Cheesy Cajun Chicken and Sausage Dip
Authentic Chicken and Sausage Gumbo
📖 Recipe
Crispy Smashed Potatoes with Creole Sauce
Ingredients
Creole Sauce
- ¼ cup mayonnaise
- 1 tablespoon creole mustard - or whole grain mustard
- 1 garlic clove - minced
- 1 teaspoon fresh lemon juice
- 1 teaspoon worcestershire sauce
- ½ teaspoon hot sauce - such as Frank's Red Hot
- ½ teaspoon onion powder
- ½ teaspoon garlic powder
- ½ teaspoon cracked black pepper
- ½ teaspoon paprika
- ½ teaspoon Italian seasoning
- ¼ teaspoon cayenne pepper
- ⅛ teaspoon salt
Potatoes
- 1 pound baby red potatoes - rinsed
- 2 tablespoons olive oil - extra virgin or light tasting
- Salt and cracked black pepper - to taste
- 1 teaspoon garlic powder
- 1 teaspoon onion powder
- 1 teaspoon Italian seasoning
- ½ teaspoon paprika
- ¼ teaspoon cayenne pepper
- Chopped chives and flaked salt - for topping
Instructions
Creole Sauce
- To a medium mixing bowl, add mayo, creole mustard, garlic, lemon juice, Worcestershire sauce, hot sauce, onion powder, garlic powder, salt, black pepper, paprika, Italian seasoning, and cayenne pepper.
- Use a small whisk or fork to mix all the ingredients until combined. Refrigerate the sauce while you prepare the potatoes.
Potatoes
- Boil potatoes in water until easily pierced with a fork. Drain potatoes and allow them to dry out for about for about 10 minutes.
- Meanwhile, preheat your oven to 450 degrees Fahrenheit (232 °C). Spray a baking sheet with cooking spray and set aside.
- Transfer potatoes to a large mixing bowl, add olive oil, salt, pepper, paprika, garlic powder, onion powder, Italian seasoning, and cayenne pepper. Toss everything together with a rubber spatula or wooden spoon until all potatoes are coated with the oil and spices.
- Transfer potatoes to the prepared baking sheet. Do not discard the oil and spices leftover in the bowl. Use the back of a ½ cup measuring cup to smash each potato, being careful not to break them apart. If a few break apart it is fine, just try to keep them intact.
- Brush the tops of the potatoes with the remaining oil and spices leftover in the bowl used to coat the potatoes. Bake potatoes in the preheated oven for 35-45 minutes, until crispy and dark golden brown.
- Drizzle potatoes with creole sauce and sprinkle chopped chives over top. Enjoy!
Notes
- Leftover smashed potatoes can be stored in an airtight container in the refrigerator for up to three days. I recommend reheating the potatoes in the oven so that they remain crispy.

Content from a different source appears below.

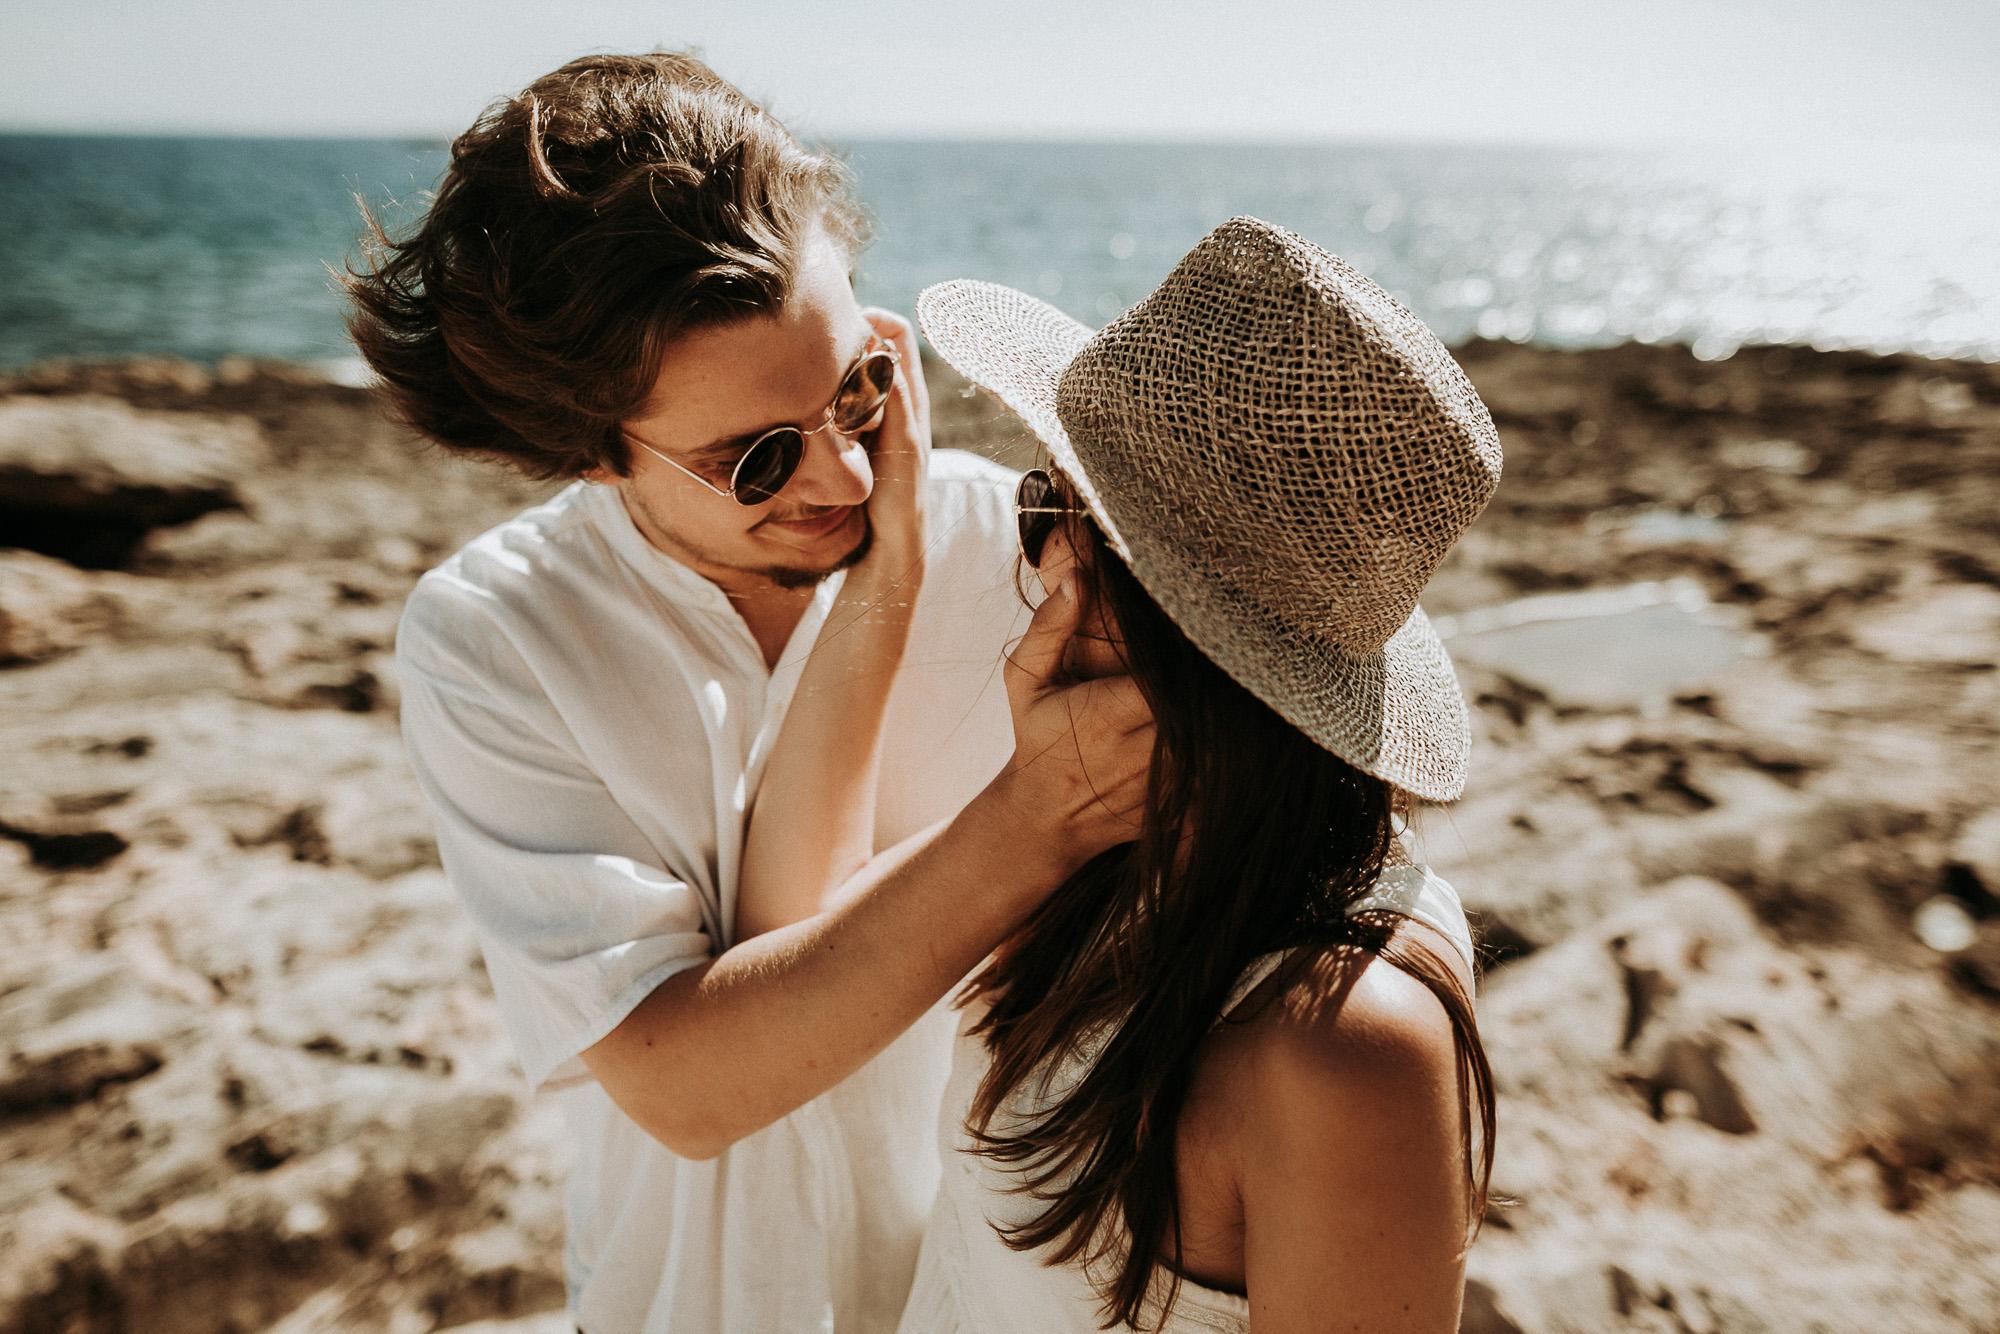 DanielaMarquardtPhotography_wedding_elopement_mallorca_spain_stjordi_sessalines_marinaandxavi366
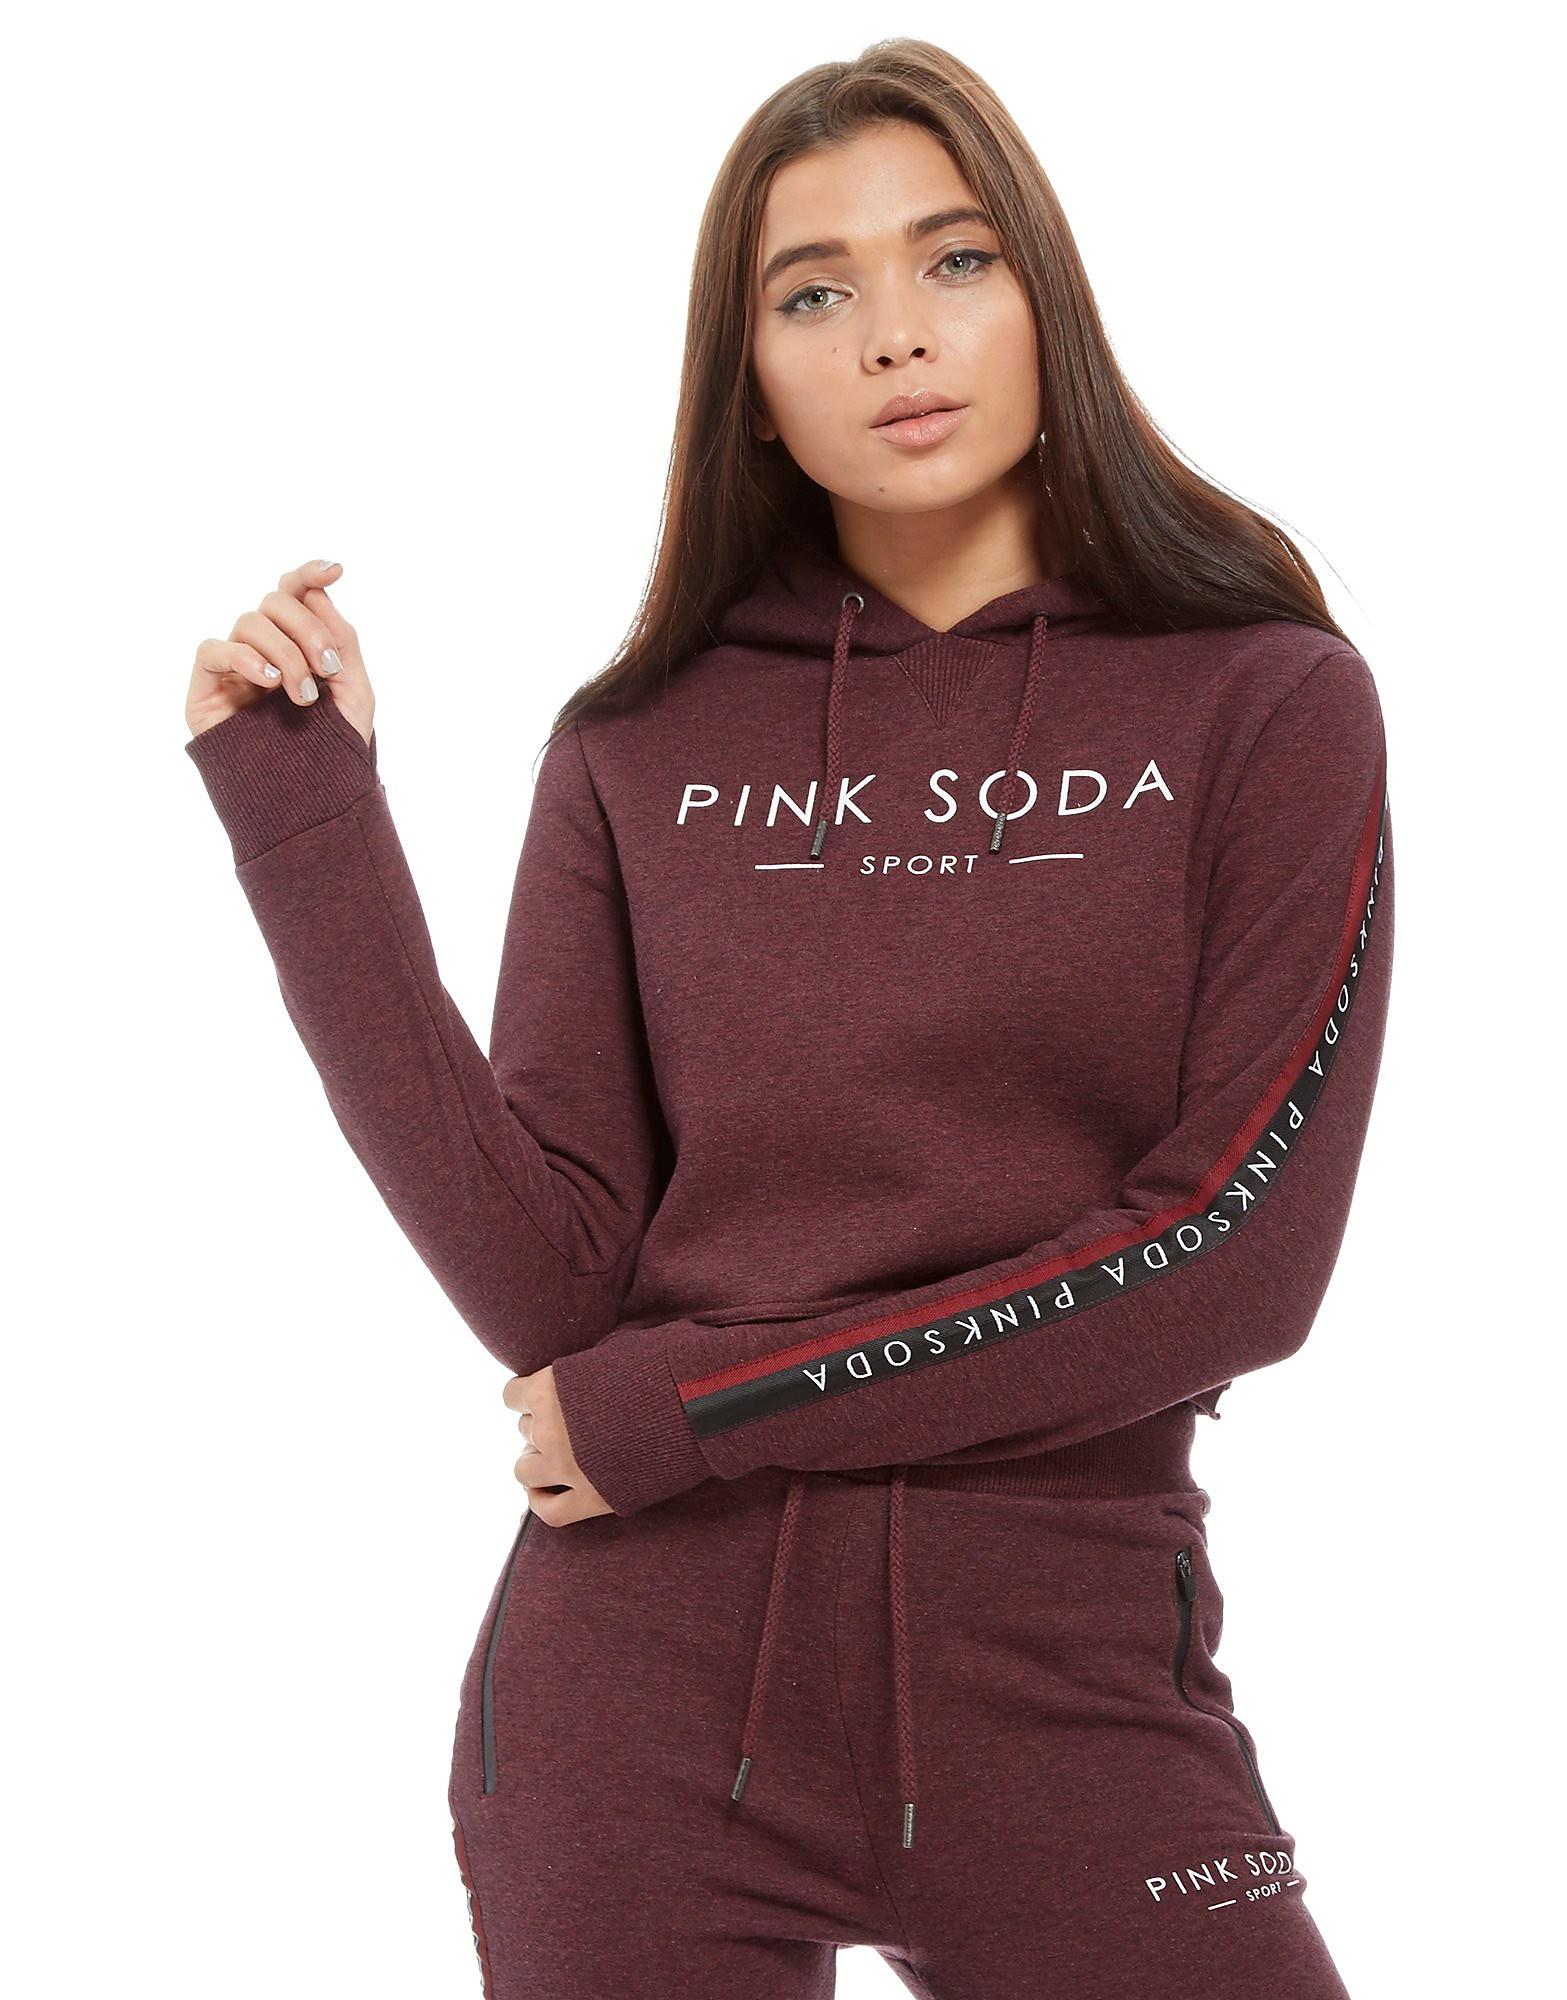 Pink Soda Sport Cropped Overhead Hoodie

- See blog post for other important tips and suggestions.
Aimee Shugarman
My family freaking LOVES these! making again tonight (for probably the 10th time just this year! So good.
Ashley Boyd
These are the comments I live for Aimee! I'm so happy your family loves the smashed potatoes. Thank you for your continued support!
Marlon Boyd
My little one love these and they are hard to stop eating! Quick and easy recipe
Ashley Boyd
Hi Marlon,
This comment makes me so happy! Thank you for trying the recipe!